■ WHAT YOU SHOULD DO ■
Begin at the line below that has "Maxi Affissione a" and stop after the line that has "おばちゃん パンチラ ミニスカ 熟女 エロ画像【1】". Please restate only those lines, word for word.

■ LISTED RECORDS ■
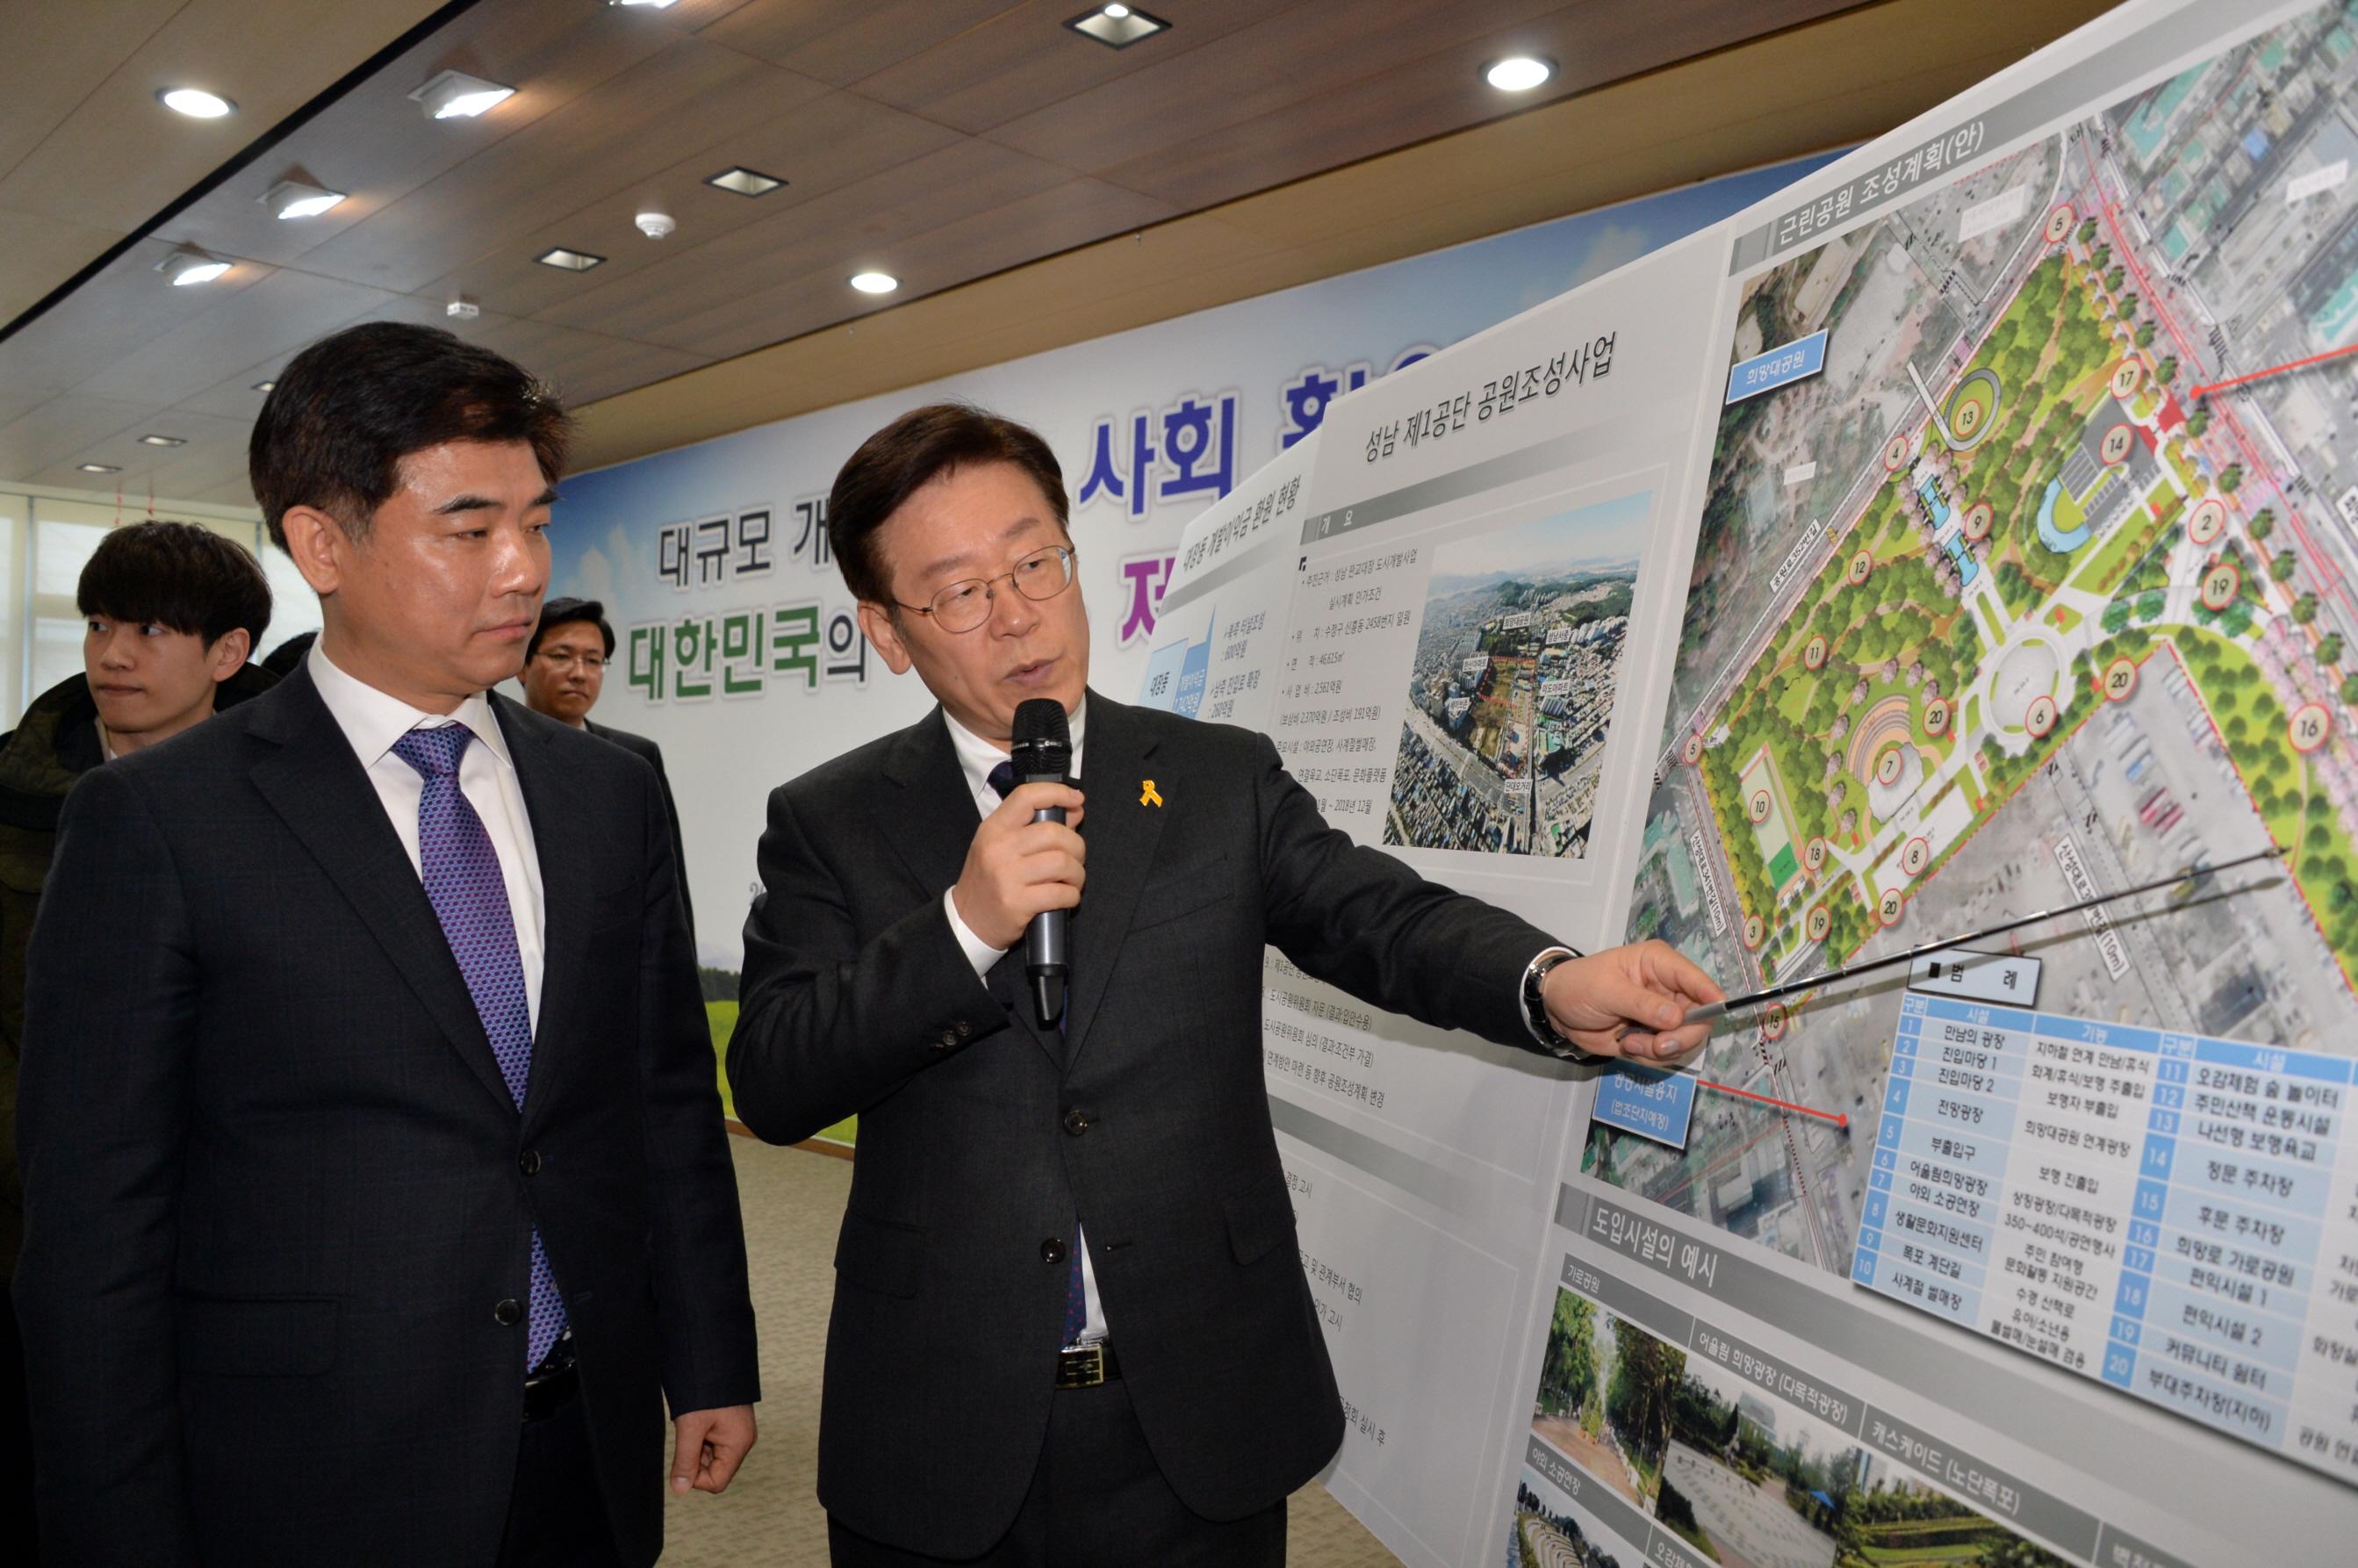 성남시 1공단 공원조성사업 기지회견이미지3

...

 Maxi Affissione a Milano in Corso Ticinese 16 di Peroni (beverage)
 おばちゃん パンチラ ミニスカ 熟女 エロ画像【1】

■ RESULT FOR THIS EXERCISE ■
 Maxi Affissione a Milano in Corso Ticinese 16 di Peroni (beverage)
 おばちゃん パンチラ ミニスカ 熟女 エロ画像【1】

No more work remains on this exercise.